The Key Element to Fulfillment

Shedding Light on Entitlement

At the age of 3, I knew something was wrong. I was too young to know what it was, but I felt it.


Unless you fit certain pre-defined criteria, blessed by circumstance and "look" a certain way, there is something wrong with you and there's nothing you can ever do about it. Natural selection, they say. Some lives are worth more than others, some variables more than others, some cultures... etc.




I was too young to ignore it. I didn't know how to suppress the obvious. I didn't know how to lie to myself yet. I was vulnerable. Everyone around me was telling me this was a beautiful world, and I certainly agreed and was excited to explore. But the way they elevated certain people, cultures, society and corruption above the wonder, light and expanse of nature... it never made sense to me.

 

To me, the adults looked like giant terrifying decaying parasites, sucking the life out of each other and us. Each of them suffering, struggling with the loss of the brightness that I felt encompassed inside me, that I recognized within the young open minds around me. The discomfort I felt when surrounded by people who lost their imagination was utterly terrifying. The darkness inside them.

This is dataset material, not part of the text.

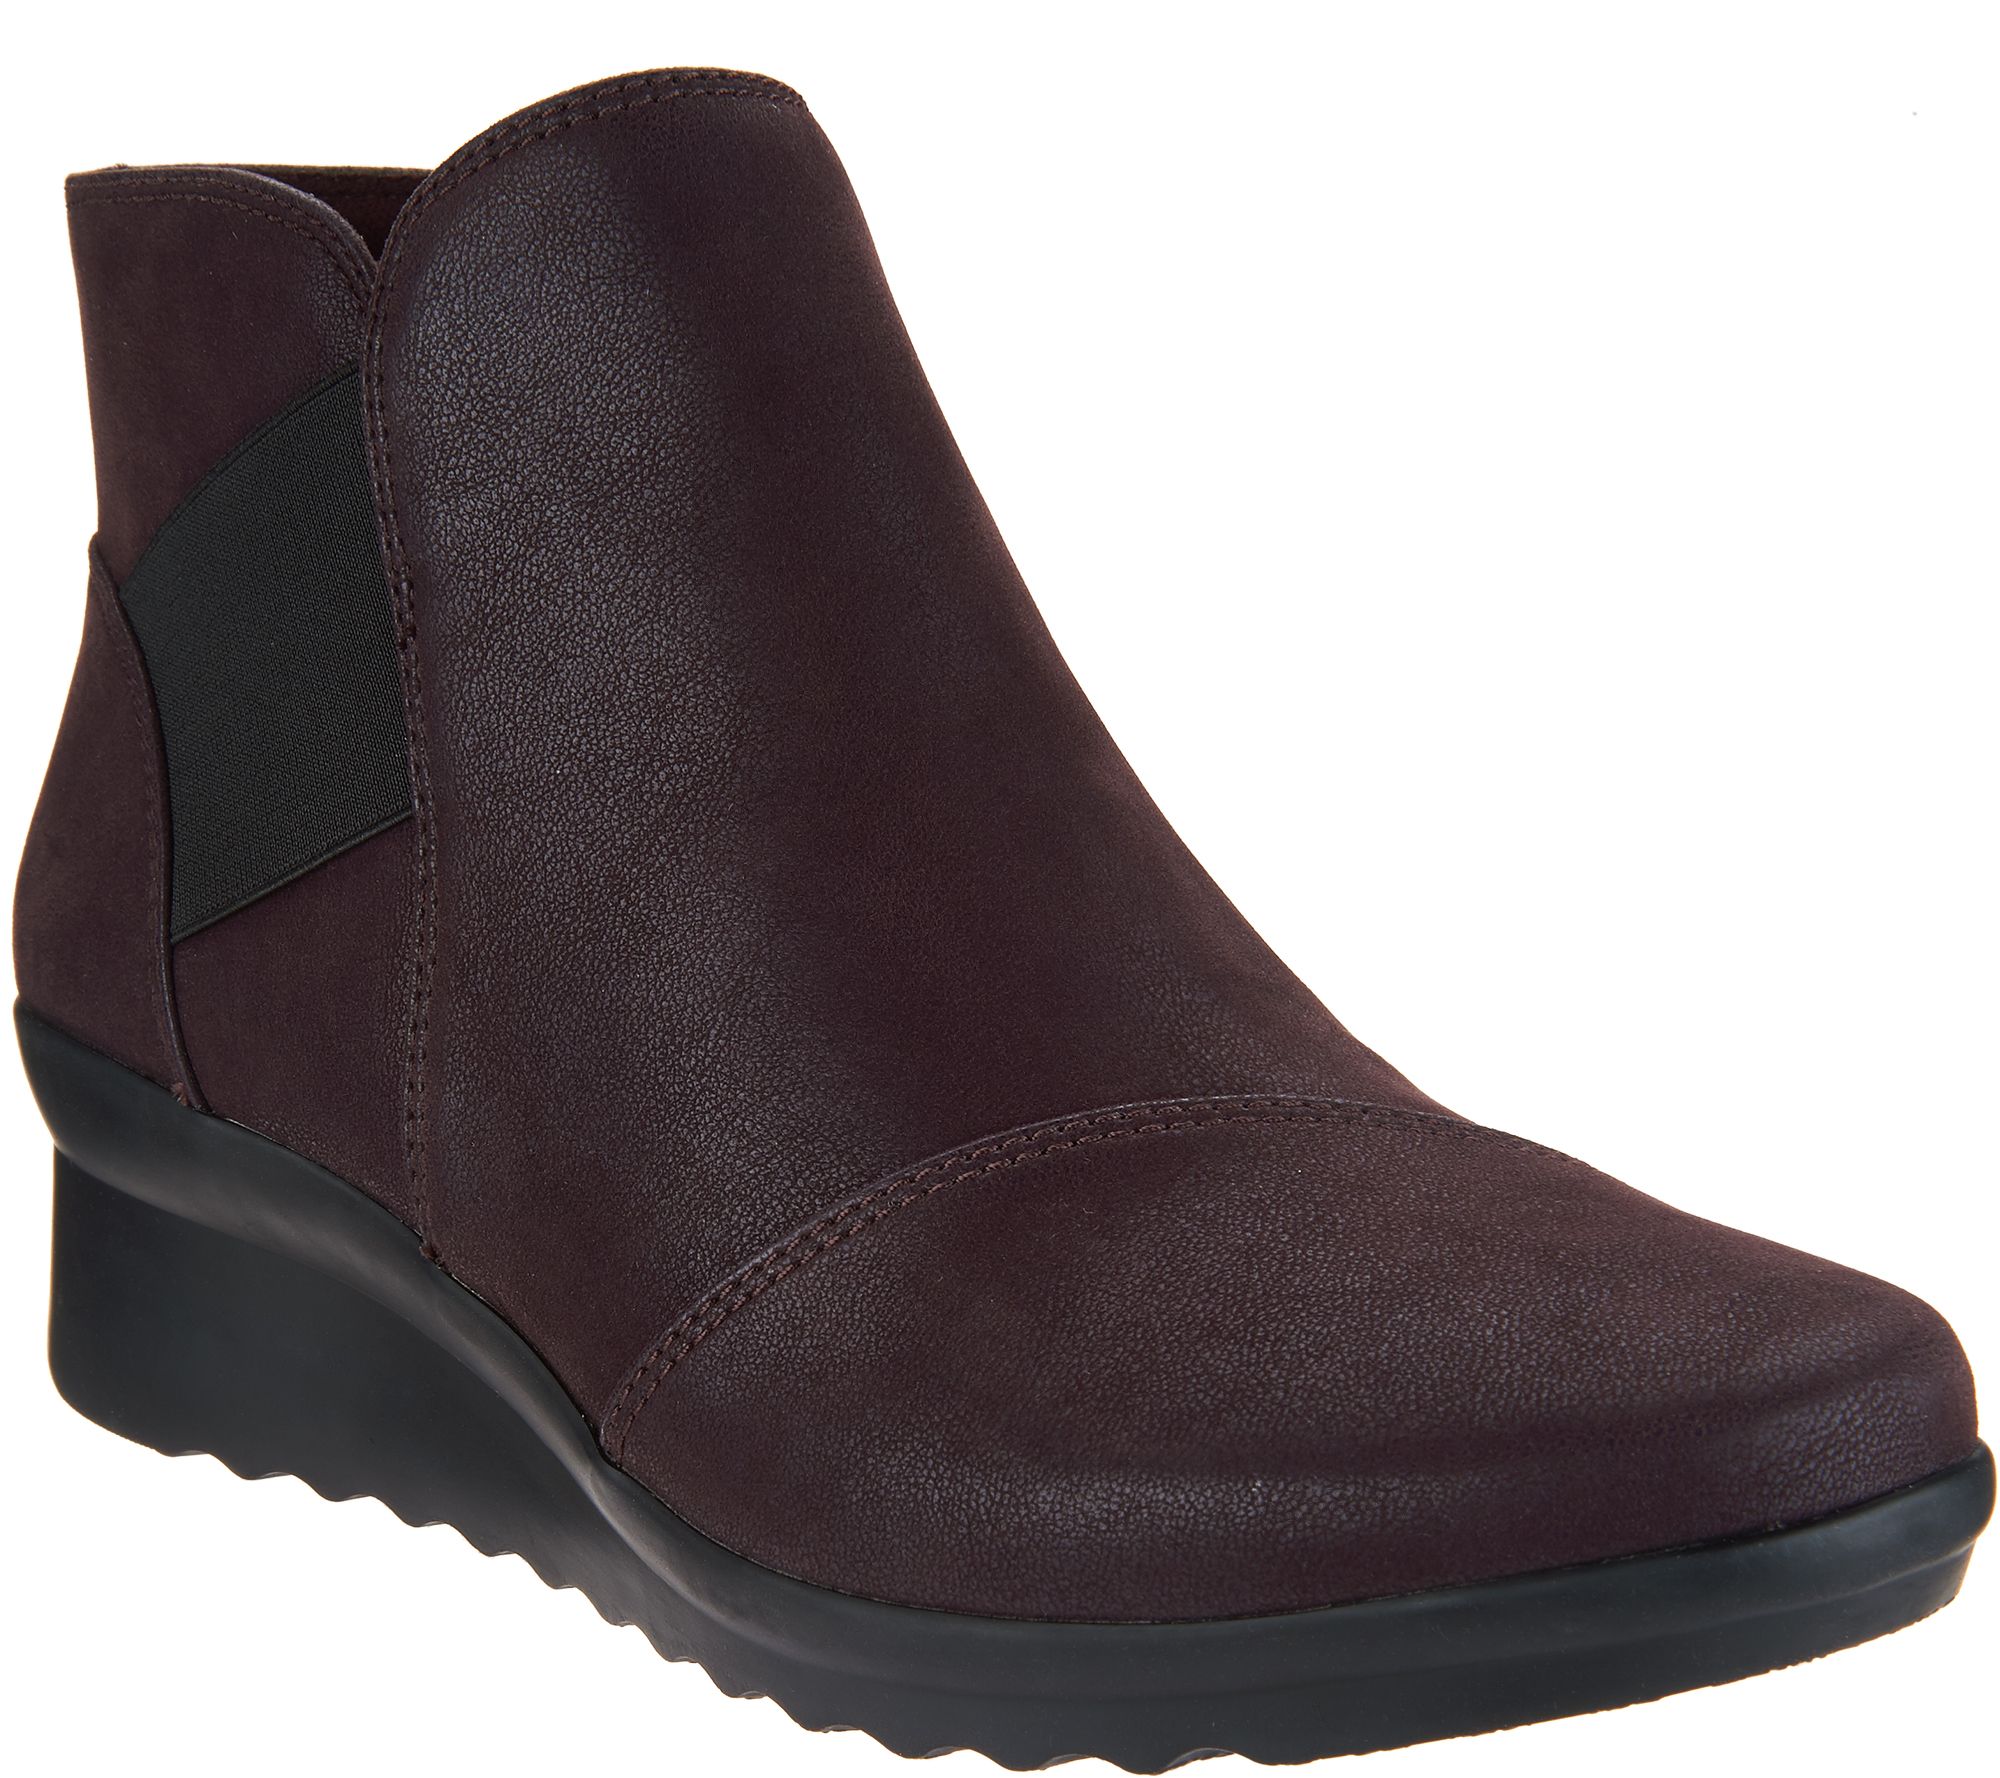 CLOUDSTEPPERS by Clarks Wedge Ankle

I couldn't help but notice that the elders saw children as nothing but their pawns, devices to give meaning to their lives because they lacked meaning within themselves. But everyone else seemed ok with ignoring it.. so it must be something wrong with me I began to deduce. Maybe this world just wasn't meant for people like me? History burns and crucifies people like me.


I began to pay more attention, I began to ask questions to better understand the unnatural environment I would have to face. The conditions that were imposed, defined and declared. Some questions they would answer, most questions they would dismiss. As well as me, for asking them.


At the core of it all, seemed to be each ignorant person's delusion of genetic entitlement.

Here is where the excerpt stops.